MAROS, HR – Dengan Kurang maksimalnya pelayanan puskesmas, sehingga warga terkadang harus menunggu cukup lama mengantri. Hal ini diakibatkan karena pegawai puskesmas tidak one time dan tidak konsistem dalam mengemban tugas dan kerjanya.
Pasien terkadang tidak terlayani oleh fungsi profesi pelayanan kesehatan yang sesuai. Harusnya masyarakat yang berobat ditangani langsung secara medis sesuai tupoksinya.
Seperti halnya yang dialami warga bernama Waris yang mengantar berobat istrinya. Ia secara fakta mengalami terjadinya pelayanan yang kurang maksimal di Puskesmas Marusu. Ia bercerita, sebagai pasien ditangani oleh para medis tidak sesuai tupoksi keahlianya.
Menurut Waris ketidak profesonalnya pelayanan di Puskesmas Marusu dari informasi yang didapat media ini, karena imbas dari adanya sistem ship shipan. Dimana poli atau bagian-bagian tertentu yang seharusnya memiliki petugas pengganti, guna mengantisifasi personil yang tidak bertugas, dikarenakan adanya pembagian hari atau jam. Sehingga mengakibatkan pelayanan terkadang lambat.
“Poli gigi, misalnya berakibat mempersulit pencabutan gigi dan penambalan. Hal ini dialami Istri saya Rahmawati, begitu juga beberapa pasien lainnya yang tak terlayani,” ungkapnya, Rabu (02/01/2019).
Menurutnya Waris, dengan banyaknya keluhan masyarakat yang ingin berobat. Pelayanan Puskesmas Marusu sangat bertolak belakang.dengan program Bupati Maros.yang mencenang. 3S, yaitu Senyum, salam, Sapa.
“Puskesmas memang menjadi harapan masyarakat yang tinggalnya di perkampungan untuk memperoleh pelayanan kesehatan. Pada dasarnya, dalam keadaan darurat, fasilitas pelayanan kesehatan, baik pemerintah maupun swasta, wajib memberikan pelayanan kesehatan bagi penyelamatan nyawa pasien dan fasilitas pelayanan kesehatan, baik pemerintah maupun swasta dilarang menolak pasien dan/atau meminta uang muka,’ jelasnya.

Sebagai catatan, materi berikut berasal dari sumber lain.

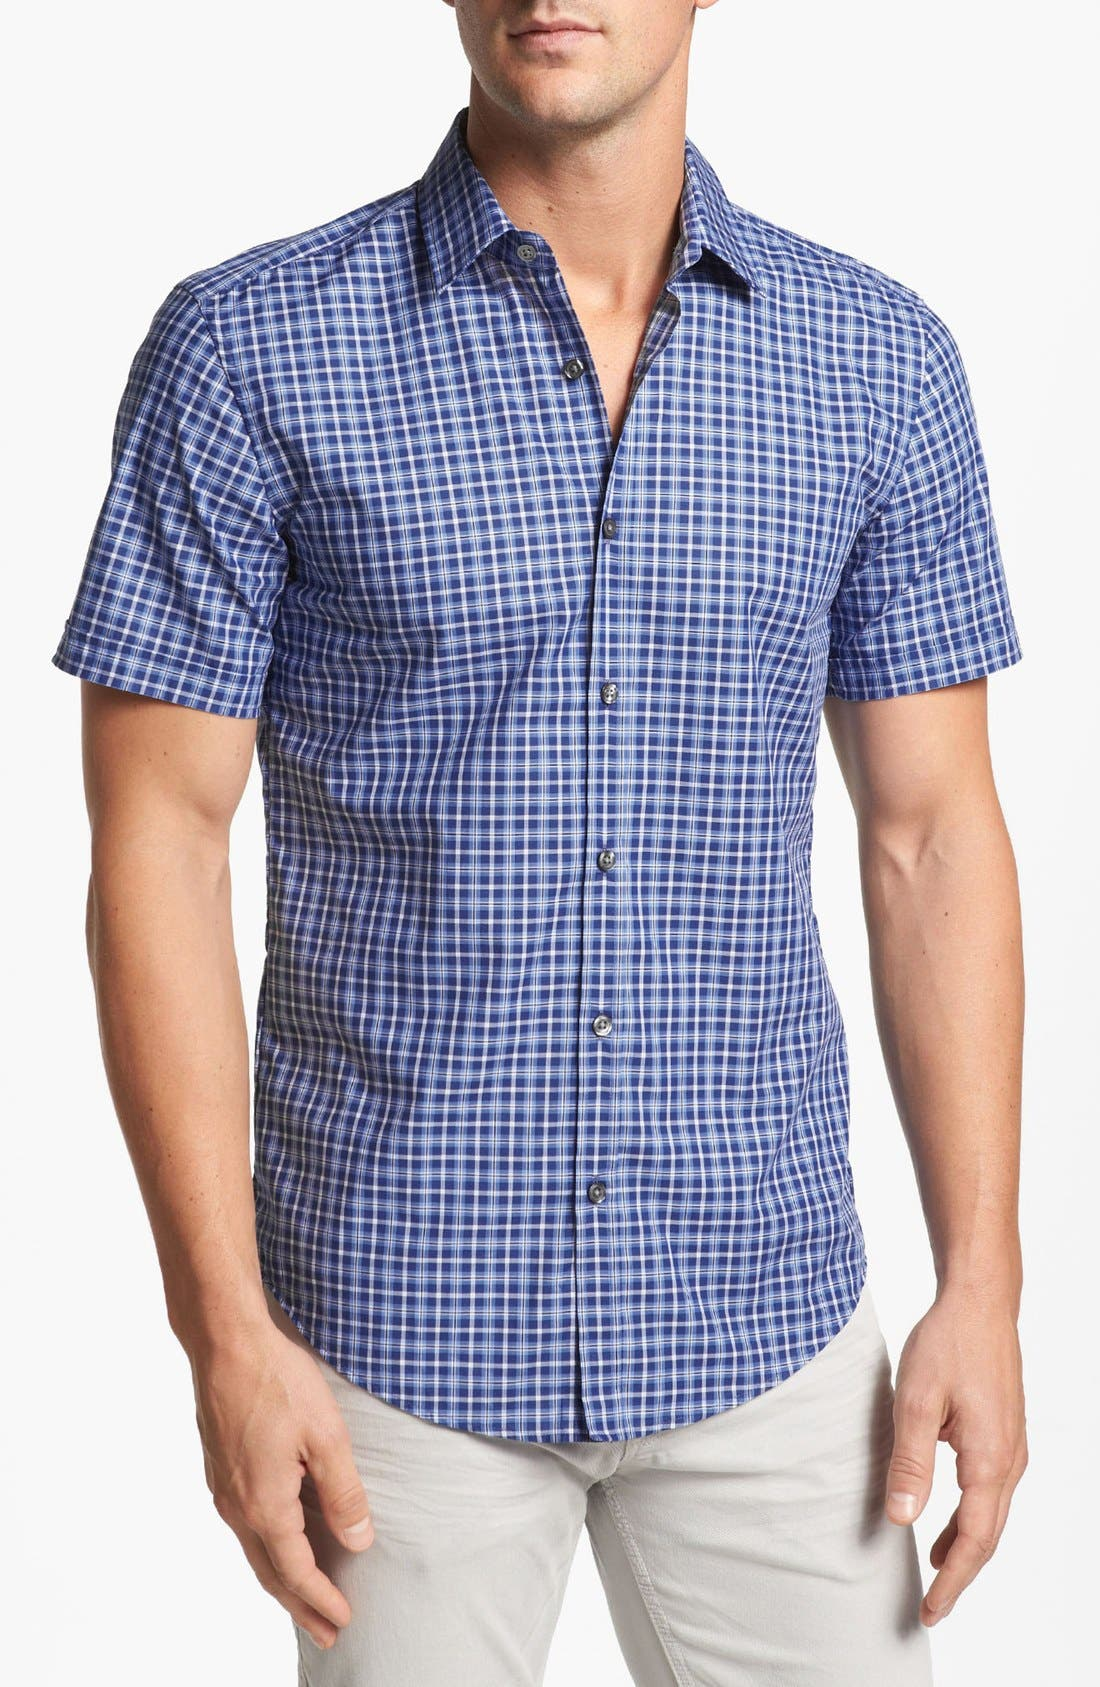 Alternate Image 1 Selected - BOSS HUGO BOSS 'Marc' Slim Fit Sport Shirt

Perlu diketahui memang hal ini ditegaskan dalam Pasal 32 Undang-Undang Nomor 36 tahun 2009 tentang Kesehatan (“UU Kesehatan”). “Ini artinya puskesmas marus sebagai salah satu fasilitas pelayanan kesehatan dilarang menolak pasien yang dalam keadaan darurat serta wajib memberikan pelayanan untuk menyelamatkan pasien. Oleh karena itu, fasilitas pelayanan kesehatan seperti puskesmas wajib memberikan pelayanan kesehatan dalam bentuk tindakan medis tanpa memandang ada atau tidaknya keluarga pasien yang mendampingi saat itu,” tegas Waris.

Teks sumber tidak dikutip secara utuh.